Давайте попробуем разобраться, будем действовать по той же логике собирания пазлов, и поищем кусочек, с которого начнем. Я понимаю, что в обычной жизни вам тяжело уделить этому время и силы, поэтому давайте делать это на наших с вами встречах, с моей поддержкой.

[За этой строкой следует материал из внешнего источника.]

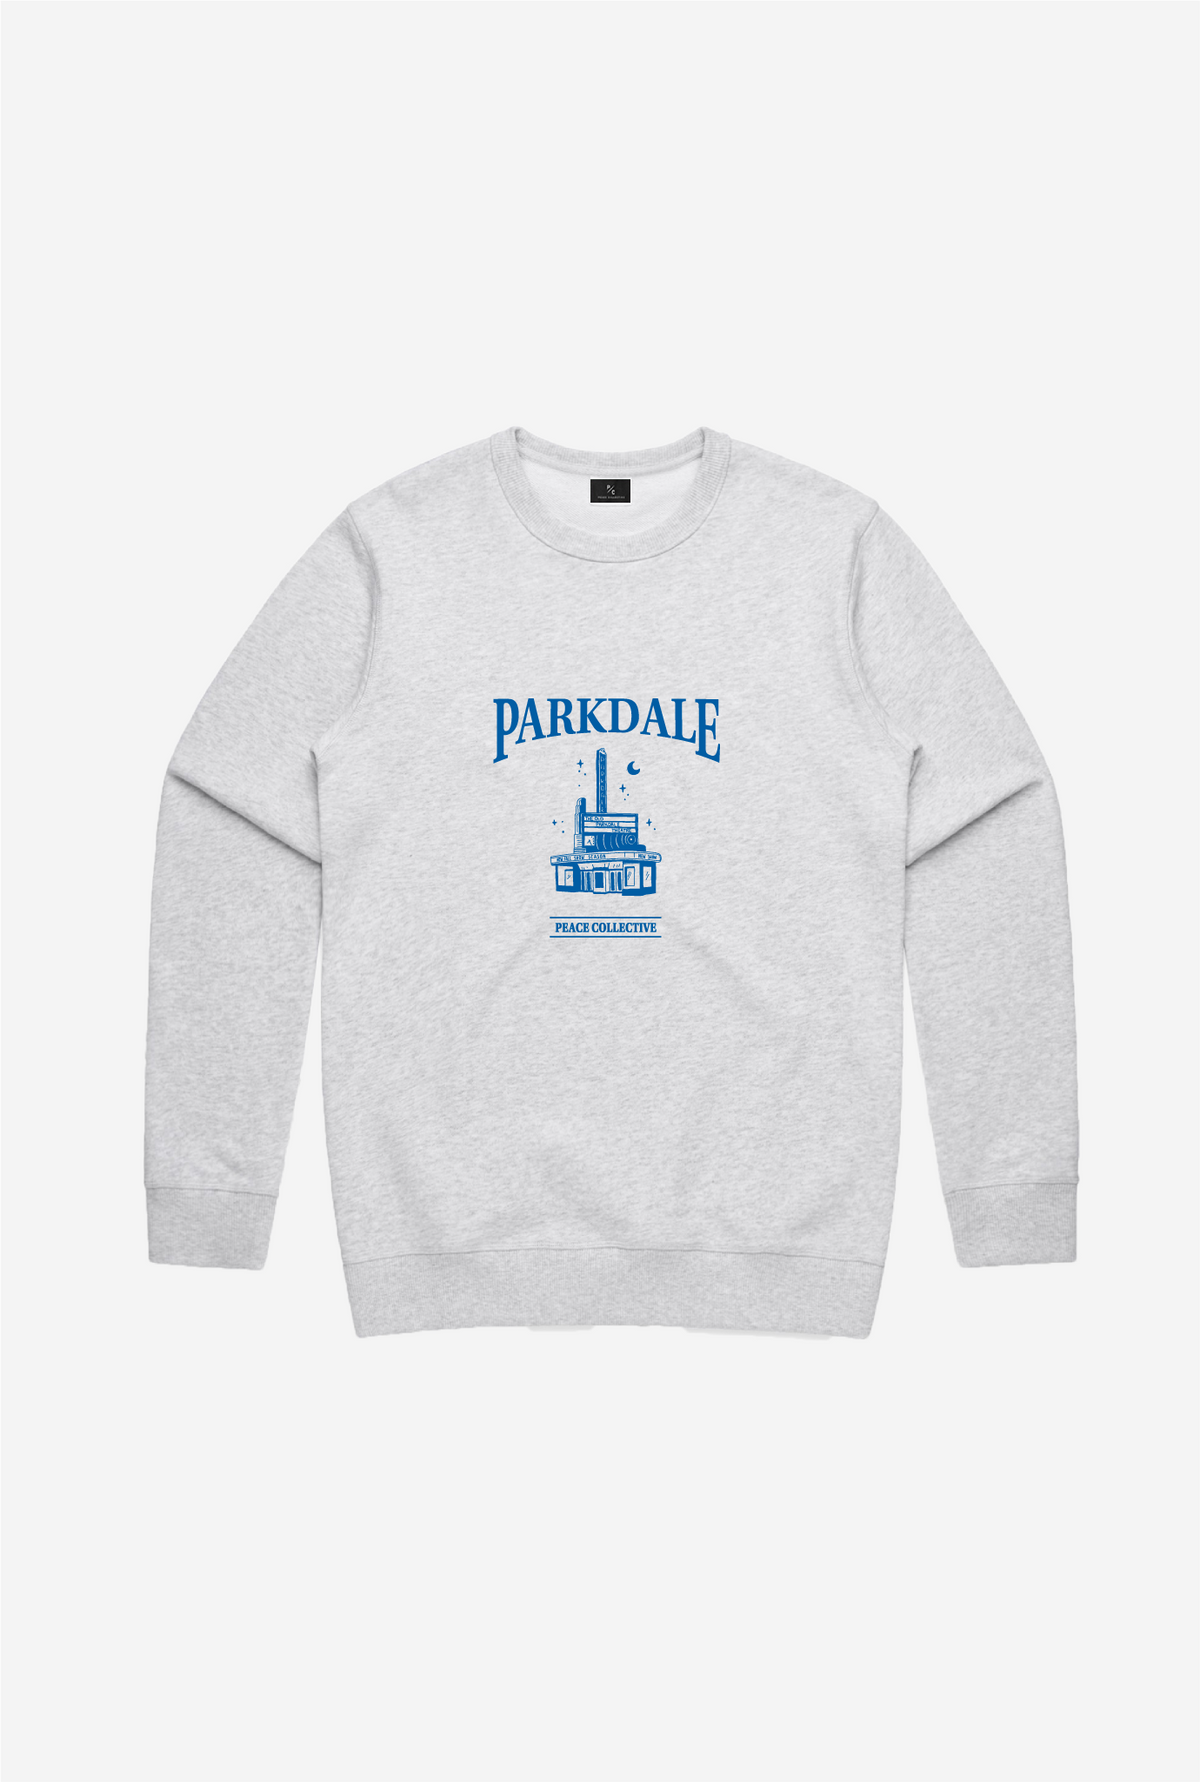 Parkdale Vintage Crewneck - Ash

Вы говорите о страхах и отсутствии контроля. Может, здесь мы найдём первую деталь пазла? Подумайте, хоть что-то же вы контролируете? Даже в трипах? Например, куда направить взгляд? Или открыть-закрыть глаза?
Алиса:
Да, я контролирую глаза. Руки, ноги, жесты, всю себя, когда я в трипе. Я могу выбирать, что мне делать и куда идти.
Елена:
Я думаю, это уже довольно много. Представьте, что вот этот контроль уже ваш. Можете вообразить его в виде пазла и представить, как кладёте на воображаемый стол, где будете собирать свою картину?
Алиса:
Хорошо. Я кладу его на стол. Кусочек маленький, а пазл огромный, из сотен деталей. Кажется, у меня есть ещё несколько, но они не стыкуются между собой. Я не уверена, что они из одного набора…
Елена:
Даже один кусочек уже хорошее начало. Возможно эти детали и правда из разных наборов. Или просто пока им не нашлось места, пока не хватает тех частей, к которым их можно прикрепить. Прислушайтесь к своим ощущениям от них, эти детали ваши или чьи-то чужие?
Алиса:
В первую секунду мне хочется сказать, что чужие… Но я просто не знаю себя? Никогда не вглядывалась, никогда не думала, что это может пригодиться. Эти детали – то, что я леплю на себя. Без разбору, без системы – это мой способ выживать. Получается, они как мои костыли, вот только я тогда неходячая.
Елена:
Разве? Ведь костыли нужны и тем, например, кто сломал ногу и временно не может ходить. Или тем, кто долго не ходил, возможно, передвигался на коляске, но вот начинает заново учиться ходить. Разница только в том, ходить ли на костылях всё время, или, когда будете готовы, заменить их сначала на трость, а уже потом и вовсе пойти самостоятельно. Мне кажется, если вы захотите по-настоящему, то со временем сможете ходить сами. Просто не стоит требовать от себя мгновенного результата. Вы довольно хорошо научились пользоваться костылями, а кто-то на вашем месте просто лежал бы в постели, не пытаясь встать. А вы каждый день встаёте и двигаетесь, идёте по будням на работу, несмотря на все сложности. Мне это видится волевым поступком, достойным уважения.
Алиса:
…
Елена:
Вижу вы поняли мою мысль. Вы уже задумывались о чем-то подобном?
Алиса:
Раньше мне казалось, что я плыву по течению и захлёбываюсь. Но в последнем кошмаре я поняла, что всё ещё быть на плаву уже результат.
Елена:
Да, это действительно так. Мне кажется, это понимание – ваш большой шаг к себе. Может быть, этот кошмар и нужен был для того, чтобы вы пришли к этому пониманию? Возможно, вы уже начали двигаться к себе ещё задолго до кошмара, может быть, поэтому и оказались в нём? Знаете, путь к себе настоящему не бывает простым. Как в народных сказках, когда герой преодолевает препятствия, ищет царевну или иглу Кощея. И если он проходит все трудности – обязательно достигает цели. Вы бы хотели найти себя?
Алиса:
Я никогда не думала об этом раньше. Найти себя в потоке безумия не казалось целью, когда я старалась только выжить и оставаться за пределами стен различных учреждений… Не знаю, мне сложно сейчас ответить на этот вопрос. Я хочу отдохнуть от нескончаемого страха. Хочу попробовать, как это – жить обычно, раз уж я не готова умирать.
Елена:
Тогда предлагаю вам побыть с этой мыслью, возможно, ответ сам придет к вам в какой-то момент. В конце концов, найти себя, собрать по кусочкам – тоже во многом способ справляться со страхами. Страх растет и захватывает человека, когда нет опоры, нет ориентиров и вокруг неизвестность. А опора, найденная внутри, в самом человеке, гораздо прочнее и устойчивей любых других.